HandsAtAPrice

I haven’t been writing.

At first it was just about writing this big piece I’ve been working on, and even then it was an issue. The experience of writing a 5000 word analytic piece is extraordinarily different from the experience of writing a 500-1000 word reflective piece. For one thing, it gets harder and harder to stuff down perfectionist tendencies that drag completion out the bigger something gets, and it gets harder to silence the anxiety that comes along with those for long enough to get good work in.

Something that’s hard to remember sometimes is that creativity isn’t just about the end product. We’re used to being consumers that only see the final product, used to believing that it’s all about what you show and sell, but it’s not – it’s about the act of creating, and how that fits into, emerges from, and expresses itself through the life you live every day. Changing what you produce doesn’t just change the end product, it changes who you are and how you live your life. And, for me, this attempted change, from musings and reflections into longer form analysis, with no lead-in or practice, was basically leading me through a brick wall. Well, that’s overdramatic, but leading me barefoot through a dark room full of lego pieces anyway.

I need to change the way I approach this.

I have no intention of abandoning the piece I’ve been working on – I’ve worked hard on it, and it’s super important to me. But I can’t keep on going assuming that’s going to be the next thing I put up, because I don’t know when it’s going to be done. Right now, even if it was my full-time job I’m not sure when I’d finish it. It’s something I’m exploring as I write – and, because I want to be complete, because I want to map out a territory rather than, as has been my wont, merely point to its soft torn-fabric shape on the horizon and yell that I see land, I can’t set deadlines. Who knows how big this island will turn out to be?
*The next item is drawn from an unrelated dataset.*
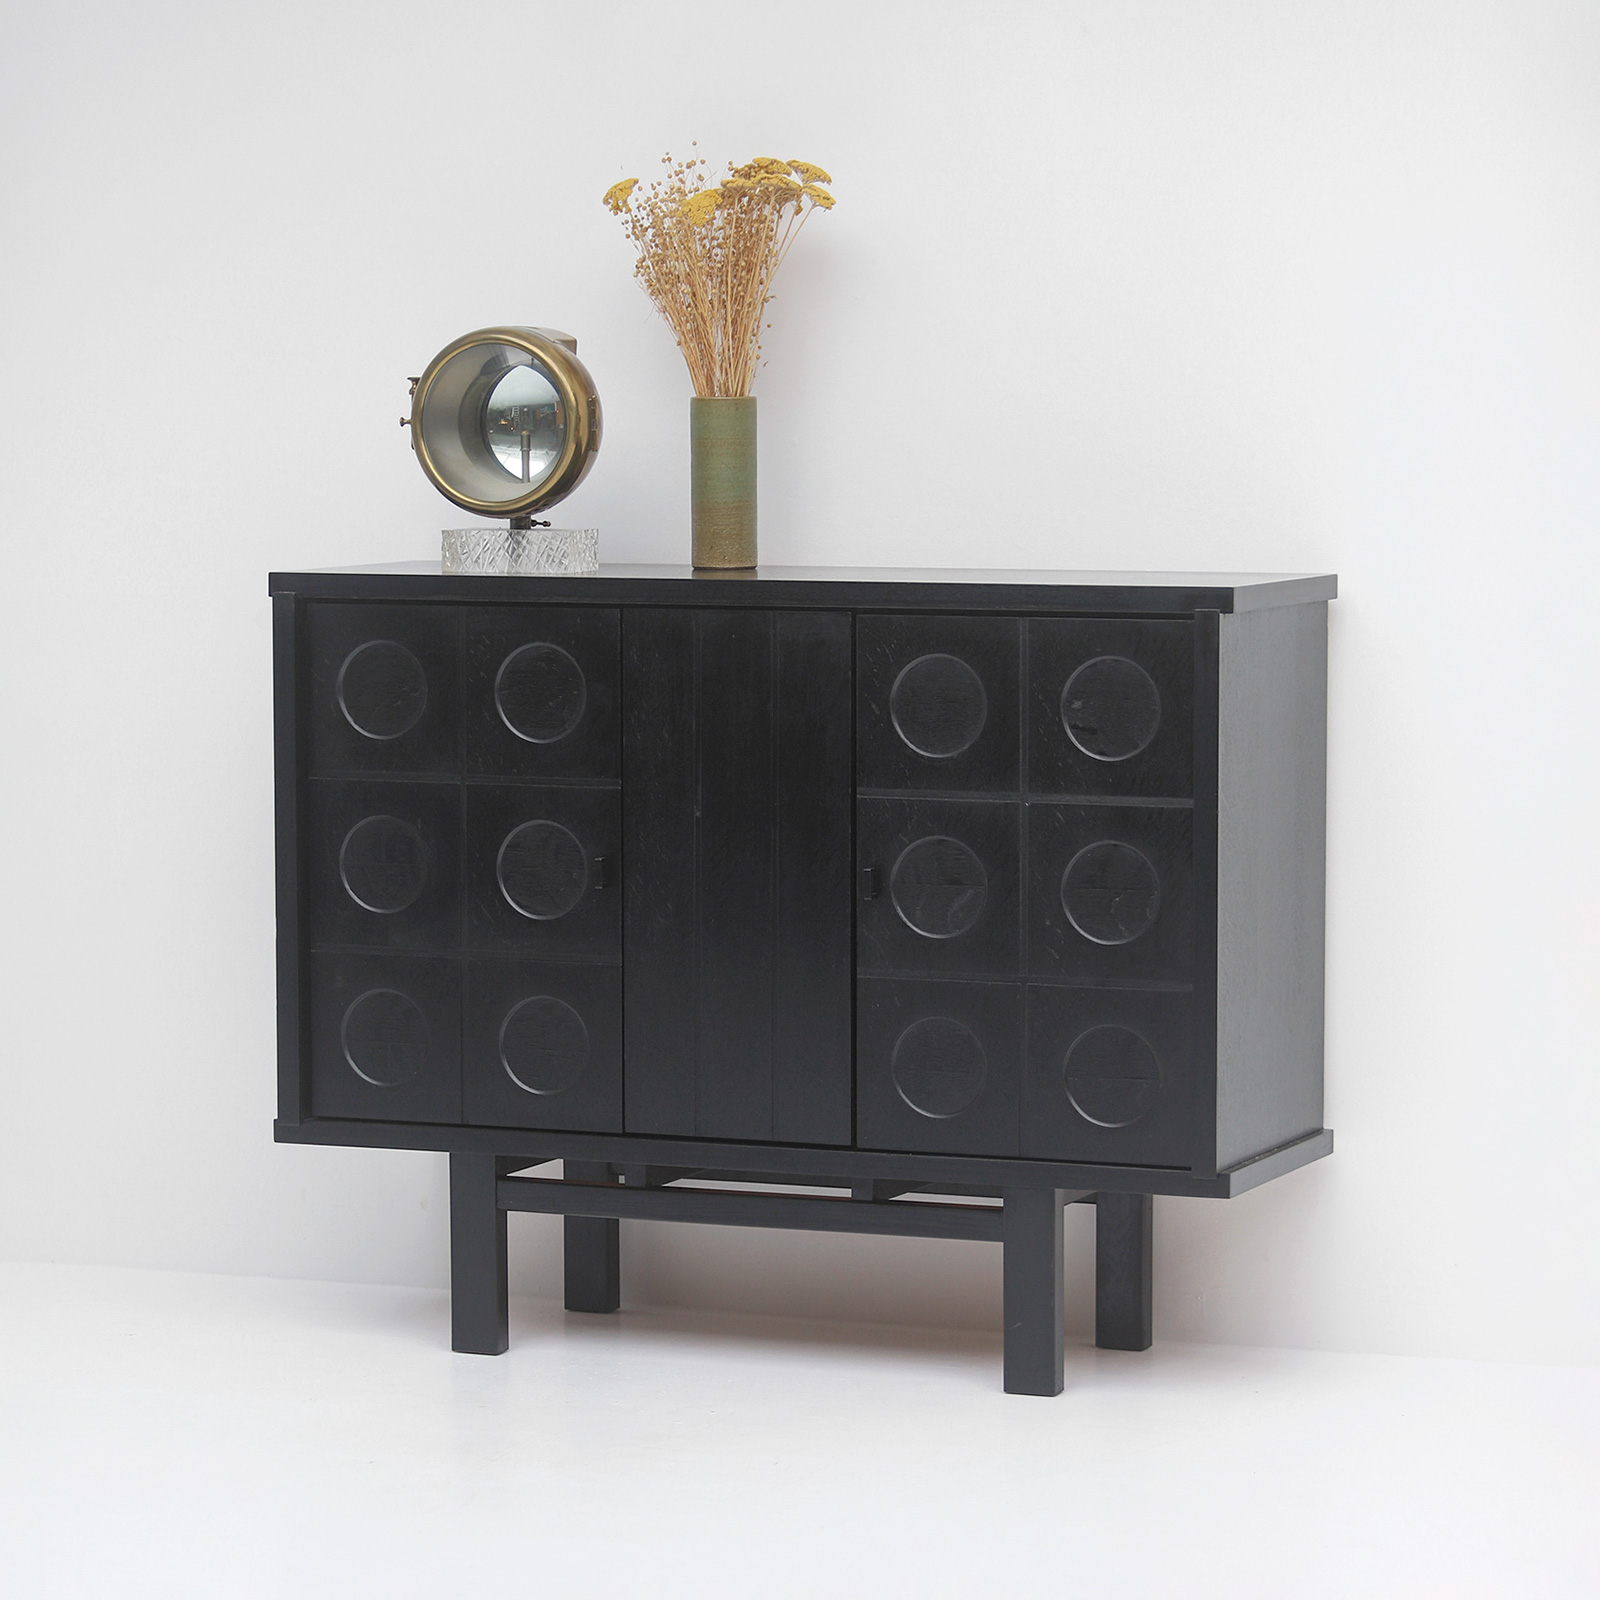 Decorative Black Cabinet with Patterned doors

I’m going to resume uploading once a week. This recent set of ambitions hasn’t panned out well, but there’s no harm in a failed experiment here and there as long as one is willing to cede defeat. Only generals who are willing to lose battles win wars.

It’s training. It’s being a train, loading enough coal in to push myself forwards but not building too much pressure and exploding. It’s piecing a life together, piecing a self together, even after little bits of habit and memory and love drop off, Frankensteining myself piecemeal into my own ideal image. It’s trying to figure out how to walk when every day I seem to wake up with a different number of legs, four in the morning, two in the afternoon, three at night.

There’s no point in complaining about it. It’s just being human.

3 Comments

  1. I’ve been working on a game recently, and as it gets bigger and my ambition for it increases, so does the chance for anxiety to crop up. Sometimes I’m super excited to work on it. Sometimes I dread it, feeling like it will never amount to what I want it to be. But no matter what I do, even if I never finish it, I think I’ll be better for having worked on it. Thanks for writing this and thanks for writing in general.

    • Thanks for reading and responding!

      It really is helpful to focus on the process instead of the result — when thinking about results it’s easy to be overwhelmed by the sheer number of things that need to be done, but just being a person who works on those things every day is easier to manage, and takes one closer and closer to the same goal. At game companies they have different people planning out the scope of the project and producing individual pieces, but when you work on a game by yourself you have to do both, keeping your head down to make progress while still coming up once in a while for air. It has its own rhythm, and it’s a learned skill in its own right.

  2. Thank you very much for this post!
    I am currently writing on my first big story and I have become so frustrated at times. It’s like you said, we only see the end product but not the process that’s getting us there. I try to write every day, even if it’s only one sentence I manage. And I try not to be too critical or judging at this early stage and want to take this one step at a time, but it is really hard. Your article just gave me the motivation to keep writing and not giving up! So thanks again very much!